52 Ich bin der Meinung, dass eine aufmerksame Durchsicht der Abkommensvorschriften über die zu finanzierenden Vorhaben es erlaubt, die Analyse des Gerichts zu bestätigen. Ihnen lässt sich nämlich entnehmen, dass es Tätigkeiten zur Durchführung dieses Abkommens gibt, die der Gemeinschaft, andere, die Argentinien, und wieder andere, die den Parteien, d. h. der Gemeinschaft und Argentinien, die im Gemischten Ausschuss zusammengeschlossen sind, anvertraut sind (vgl. Nr. 6 dieser Schlussanträge).

53 Insbesondere Artikel 5 Absatz 3 des Abkommens bestimmt, dass die Gemeinschaft die Übernahme von Gemeinschaftsschiffen [gestattet]; Artikel 6 bestimmt hingegen, dass [d]ie Vertragsparteien ... die Vorhaben aus[wählen]; Artikel 7 Absatz 1 spricht von von den Vertragsparteien ... ausgewählten Vorhaben. Ich gehe zum Protokoll I über und weise darauf hin, dass in seinem Artikel 3 nach der Bestätigung, dass die Gemeinschaft... einen Zuschuss für Vorhaben zur Errichtung von gemischten Gesellschaften [gewährt] (Absatz 1), unterschieden wird zwischen einem Zuschuss an den Gemeinschaftsreeder und dem an die gemischte Gesellschaft. Während der erstgenannte dem Gemeinschaftsreeder gewährt [wird] (Absatz 1), wobei Bedingungen und Zahlungsmodalitäten den einschlägigen Gemeinschaftsvorschriften [folgen] (Absatz 4), wird der zweitgenannte Zuschuss von der Gemeinschaft an die zuständige argentinische Behörde überwiesen, die Bedingungen für die Bereitstellung und die Verwaltung dieser Mittel festlegt. Argentinien unterrichtet den Gemischten Ausschuss über die Verwendung der Mittel (Absatz 2).

54 Aus alldem lässt sich ableiten, soweit hier von Belang, dass die Gewährung von Zuschüssen an die Gemeinschaftsreeder für ausgewählte Vorhaben tatsächlich eine Aufgabe ist, die das Abkommen allein den Gemeinschaftsbehörden überträgt.

55 Gegen eine solche Schlussfolgerung lässt sich nicht einwenden, wie die Rechtsmittelführerin will, dass Artikel 10 achter Gedankenstrich des Abkommens unter den Aufgaben des Gemischten Ausschusses die Überwachung der Verwaltung der Vorhaben sowie der Verwendung der zu ihrer Förderung bereitgestellten Zuschüsse gemäß Artikel 7 nennt. Der letztgenannte Artikel sieht nämlich vor, dass die Zuschüsse nach den Bestimmungen des Protokolls I gezahlt werden, das bei der Festlegung des Verfahrens für die Gewährung der Zuschüsse die Zuständigkeit jeder der beteiligten Behörden festlegt. Dieses Protokoll sieht aber eine Mitwirkung des Gemischten Ausschusses, wie oben ausgeführt, nur bei den an die gemischten Gesellschaften gezahlten Zuschüssen und bei der wissenschaftlichen und technischen Zusammenarbeit vor, ohne die an die Gemeinschaftsreeder gezahlten Zuschüsse zu erwähnen.

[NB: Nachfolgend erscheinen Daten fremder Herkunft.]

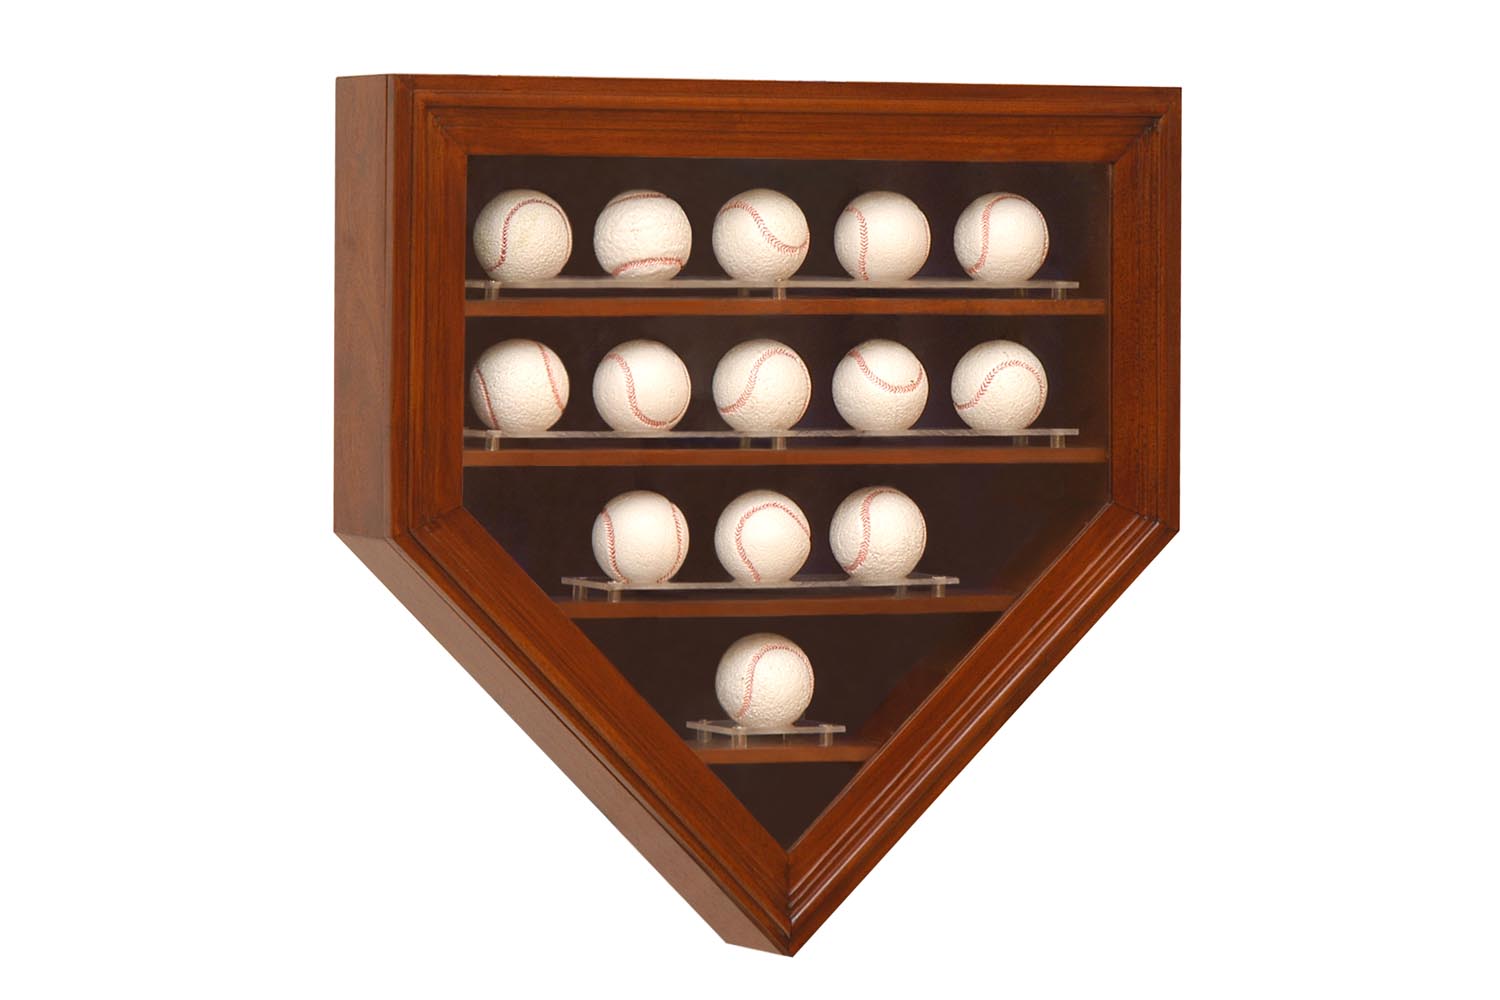 Wood Work Baseball Display Case Plans PDF Plans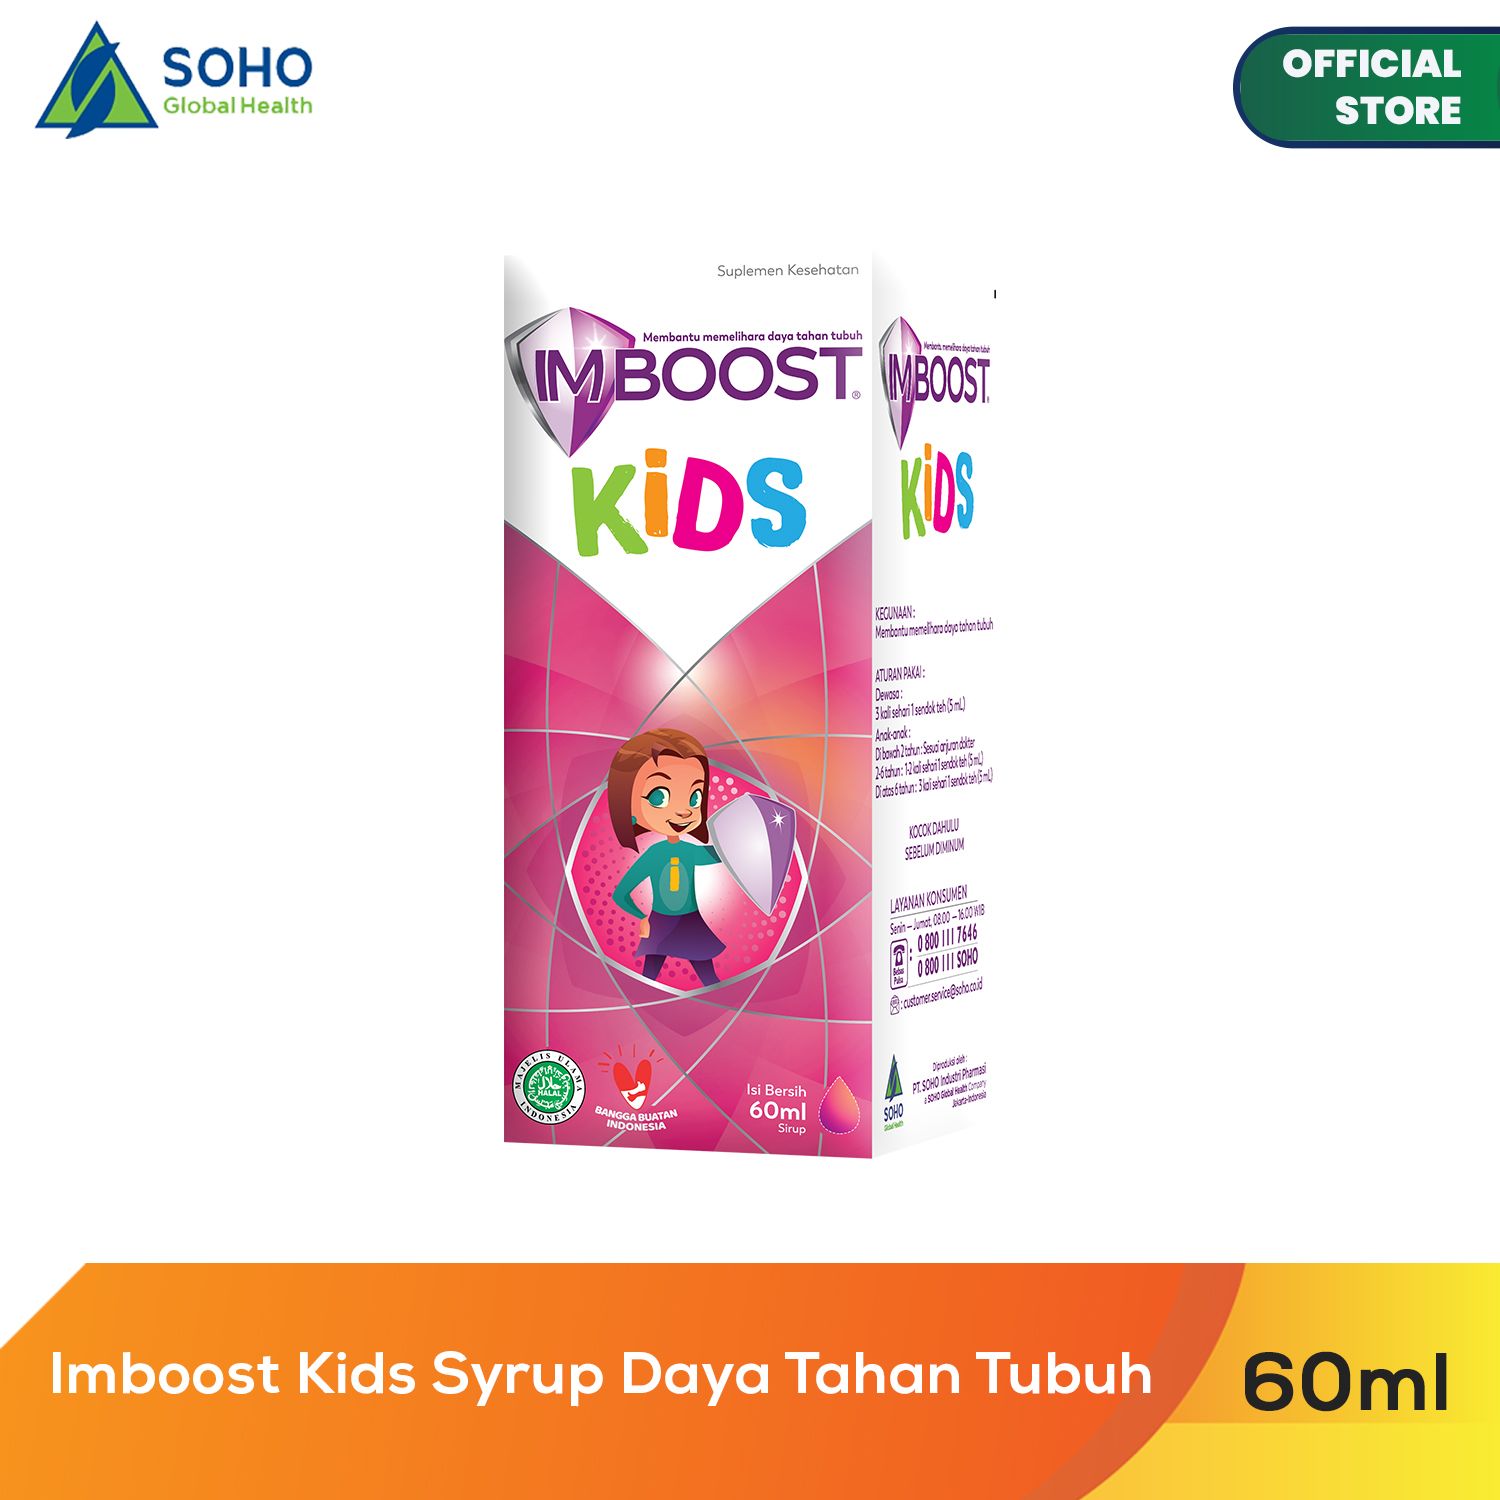 Imboost Kids Syrup Btl 60ml - 1

56 Dies bringt mich zu der Überzeugung, dass das Gericht mit Recht zu der Feststellung gelangt ist, dass die Gewährung des Zuschusses eine einseitige Maßnahme zur Durchführung des Fischereiabkommens ist, die in die Zuständigkeit allein der Gemeinschaftsbehörden fällt.

57 Damit komme ich zum zweiten Teil des Rechtsmittelgrundes, bei dem es um die Auslegung des Anhangs I der Bewilligungsentscheidung und insbesondere um die Fußnote geht, in der es heißt: Die in diesem Anhang genannten Daten dürfen ohne vorherige Genehmigung der argentinischen Behörden und ohne Zustimmung der Kommission nicht geändert werden.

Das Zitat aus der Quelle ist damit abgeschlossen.